BLM運動活発化より前の話になってしまいますが、「家にいよう」と啓発するような曲を出すアーティストが出てきていました。ジャスティン・ビーバーとアリアナ・グランデはコラボしてチャリティシングル「Stuck with U」を発表しました。ファンから映像を募って、ミュージックビデオを完成させました。ソーシャルメディアなどのテクノロジーの普及があったから可能になったと思います。
今後はバーチャルコミュニケーション系がよりエンターテインメントの世界で活性化していくと思います。例えば、ラッパーのトラヴィス・スコットが「フォートナイト」というゲーム上で、バーチャルコンサートをやったんですね。観客はオンラインでリアルタイムで参加できました。それが結構凄くて、トラヴィスが最初ゴジラ並の巨大な姿で出てきて、用意されていた野外ステージを潰したんですね。まずそれで皆びっくりした。曲ごとに水中世界などに変わっていき、最終的には参加者はアバターとして宇宙空間を飛ぶことになりました。
――とんでもないですね。
そうなんですよ。前代未聞でした。環境的にも技術的にもゲームならではのバーチャルなライブができるようになったことが立証されました。今後はバーチャルコミュニケーションの表現が増えていくと思います。

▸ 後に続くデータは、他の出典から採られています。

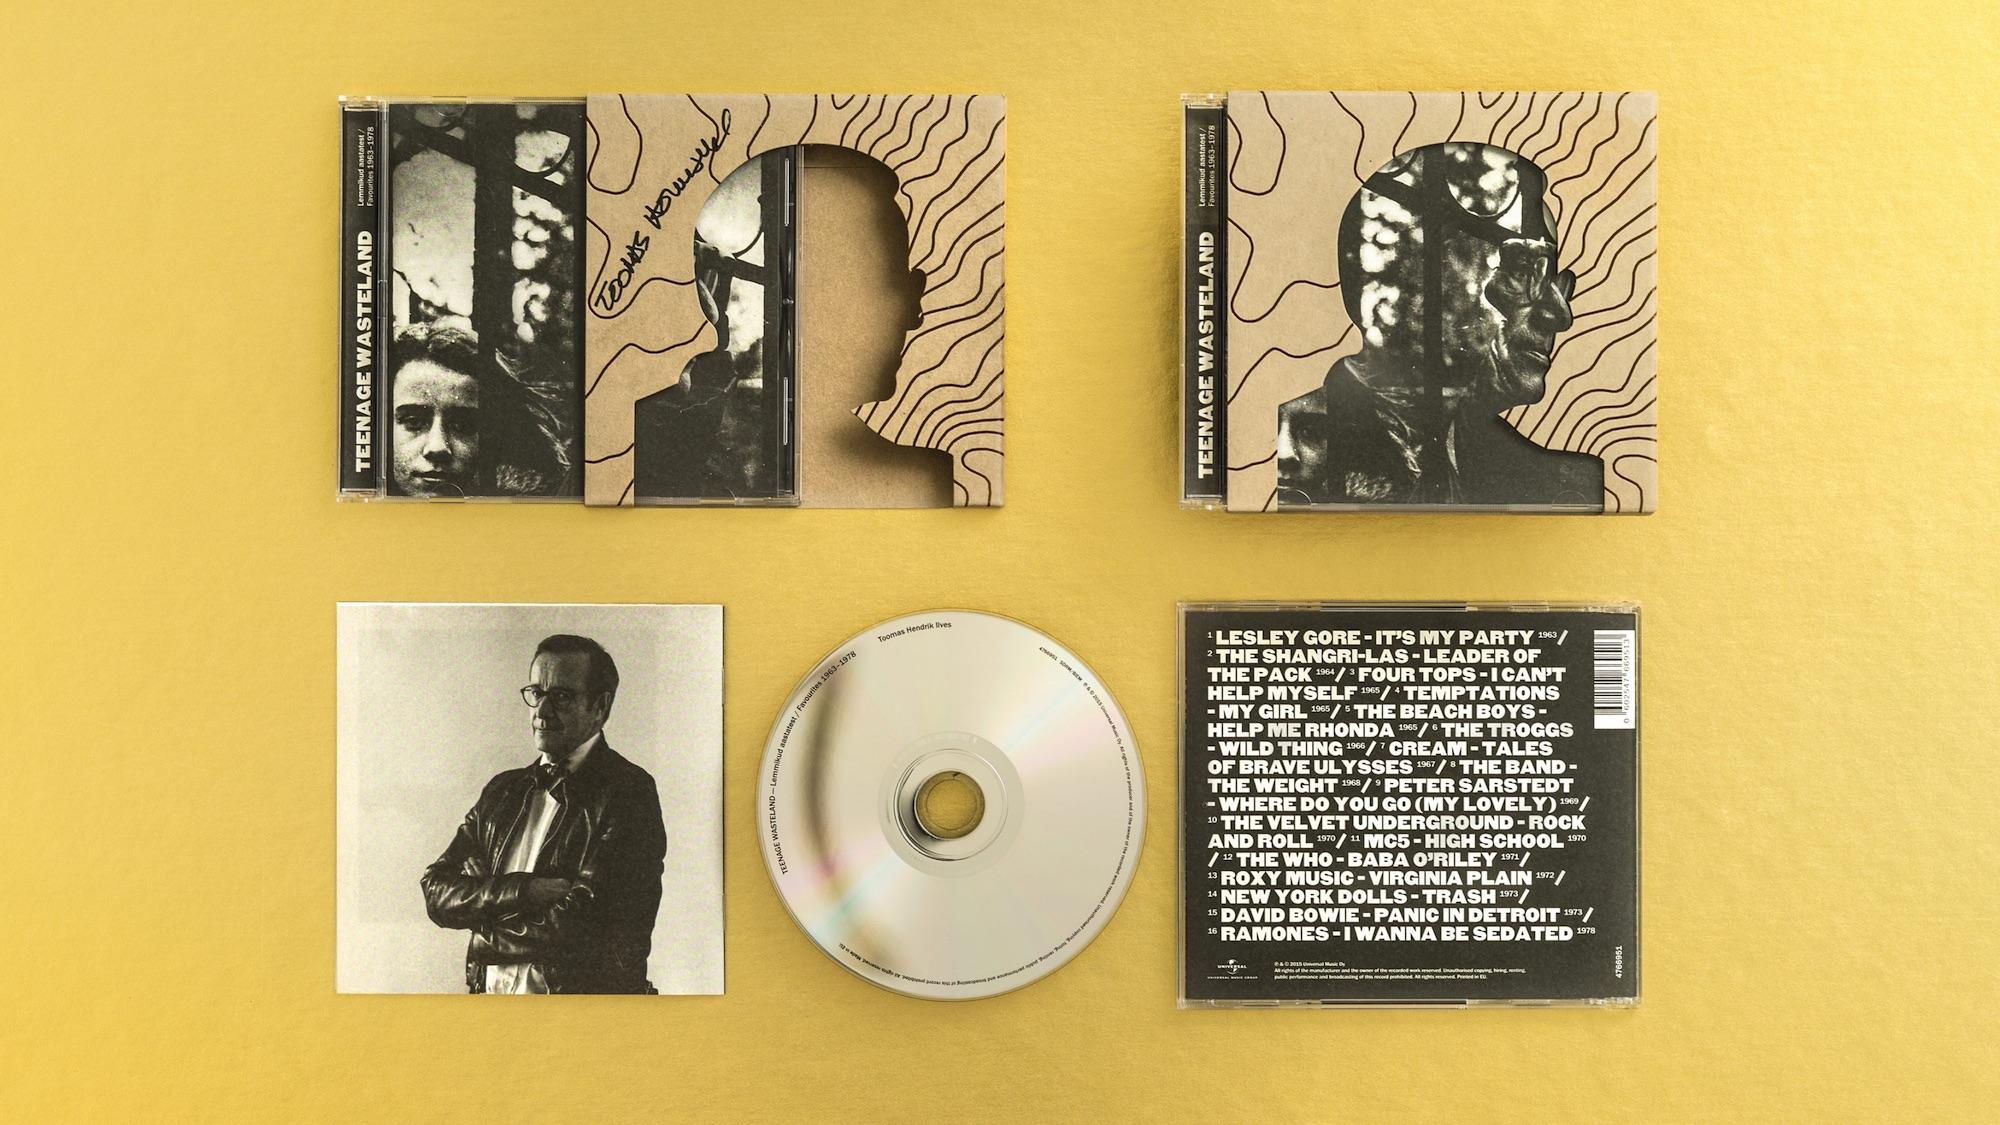 estonian president album packaging

あと最近見かけたものでは宇宙関連がアツいようです。ZOZOの前澤さんで話題になった、イーロン・マスクのスペースX社のロケット計画が結構うまくいっているらしくて。同社の有人宇宙飛行の成功を受けて、経済誌フォーブスでは民間資本の宇宙ビジネスが活発になるという「宇宙資本主義」を取り上げていました。トム・クルーズが映画を宇宙で撮影するという話もあります。今後、ポピュラーカルチャーの、特にトップスター領域で、宇宙関連の話題も盛り上がっていくかなと思います。